Nachteile der analogen Werkzeuge
• Gedruckte Karten sind rasch veraltet: Schmelzen der Gletscher, neue Schutzgebiete usw.
• Damit man analoge Werkzeuge sicher anwenden kann, muss man sehr viel üben.
• Eine Karte lässt sich bei starkem Wind nur schwer verwenden.
Vorteile der digitalen Werkzeuge
• Digitale Plattformen sind eine Art persönlicher Assistent für Bergsportler: Dank präziser Positionsbestimmung erleichtern sie die Navigation während der Tour.
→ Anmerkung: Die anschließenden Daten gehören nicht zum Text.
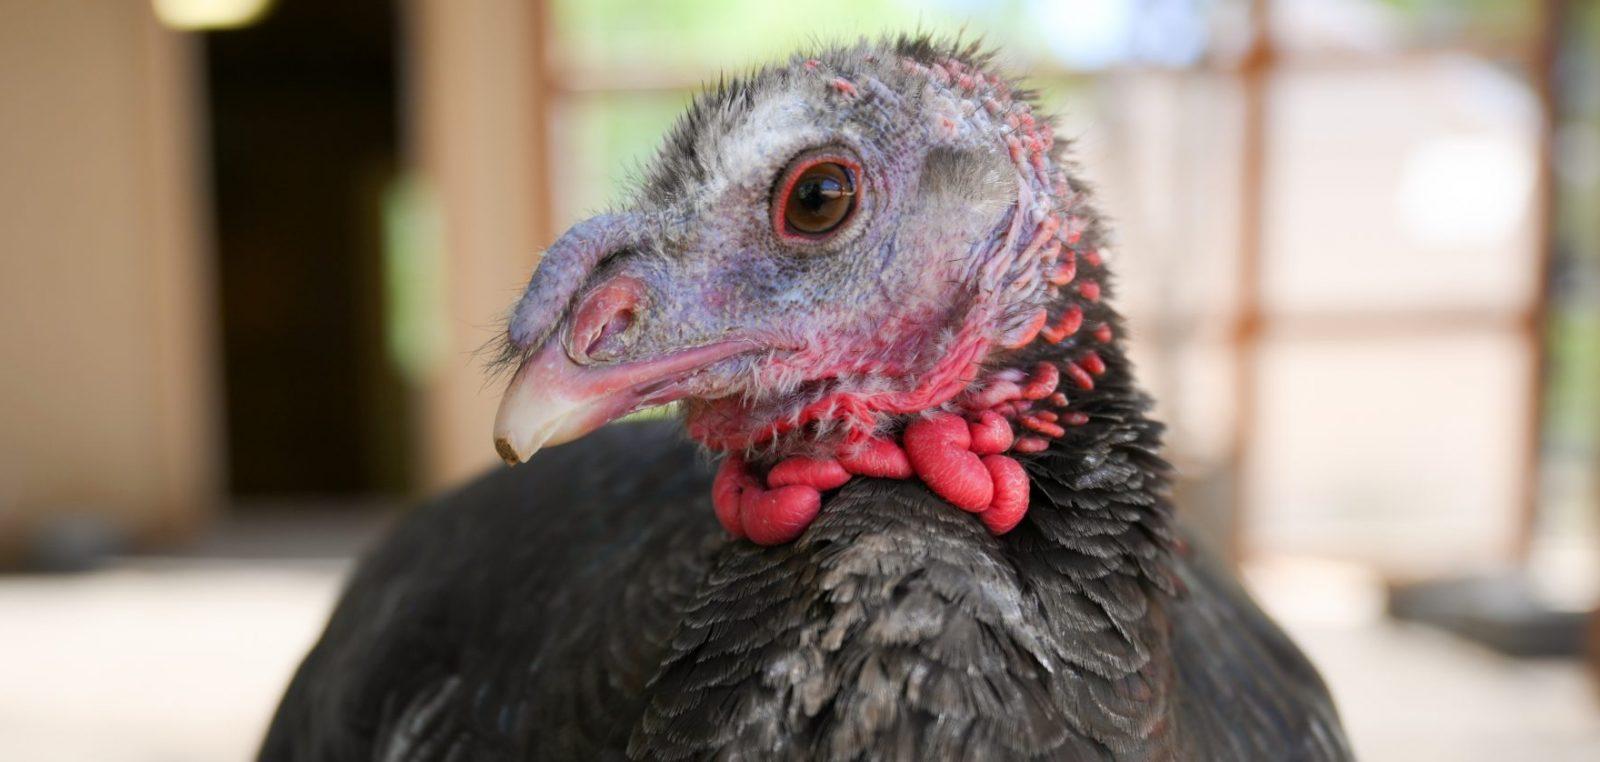 Serena Turkey at Farm Sanctuary's Southern California shelter

• Besonders praktisch bei Mehrtagestouren: Man kann Touren laufend auf dem Smartphone planen. Zudem zeigen viele Apps gleich auch Varianten an.
• Der Track kann in der Gruppe geteilt werden. Wenn alle die gleiche Route offline auf dem Smartphone gespeichert haben, erhöht dies Sicherheit durch Redundanz.
• Die Apps vereinfachen Komplexes und vereinen eine Fülle an präzisen Daten: Geländebeschaffenheit, Lawinenbulletin, Schneehöhe usw.
• Die Apps liefern eine Vorauswahl. Damit verliert man keine Zeit mit Touren, die etwa aufgrund des Lawinenbulletins nicht infrage kommen.
Nachteile der digitalen Werkzeuge
• Die digitalen Tools können dazu verleiten, die Tourenplanung abzukürzen. Warum sollt man sich die Mühe machen, einen Track selbst zu erstellen, wenn man ihn einfach kopieren kann? Aber Achtung: Ein Track auf dem Smartphone ist noch lange keine Tourenplanung.
• Die leichte Verfügbarkeit von umfassenden Informationen kann dazu führen, dass man sich überschätzt und eine Tour plant, die die eigenen Fähigkeiten übersteigt.
• Digitale Geräte können einen unterwegs im Stich lassen.
• Eine einzelne App kann nicht alles. Wie beim Kochen muss man die richtigen Zutaten miteinander zu kombinieren wissen, zum Beispiel das SAC-Tourenportal für Routen und Orientierung, swisstopo für die Orientierung, MeteoSchweiz für das Wetter, White Risk für die Lawinengefahr und die Rega-App für die Alarmierung im Notfall (am besten mit Kopfhörer, bei starkem Wind versteht man sonst nichts).
• Wenn man während der Tour ständig auf den Bildschirm schaut, verliert man das Gespür für das Gelände.
• GPS-Tracks erscheinen sehr genau, sind aber nicht zwingend korrekt. Wichtig ist es, die Quelle der Daten zu kennen.
Tipps für die Tour
• Sich von den digitalen Hilfsmitteln nicht dazu verleiten lassen, unnötige Risiken einzugehen. Wenn etwa der Nebel bereits zu Beginn der Tour auf dem Gletscher hängt, sollte man nicht blindlings darauf vertrauen, dass einen das Gerät schon leiten wird.
• Ersatzakku und -batterien immer dabeihaben und das Gerät so nah wie möglich am Körper tragen. Viele Akkus und Batterien verlieren in der Kälte an Leistungsfähigkeit.
• Immer mal wieder unterwegs die Ortung ausschalten und testen, ob man weiss, wo genau man ist und wo man hinwill. So trainiert man das Gespür.
• Den gespeicherten Track zwecks Redundanz auf ein anderes Gerät kopieren!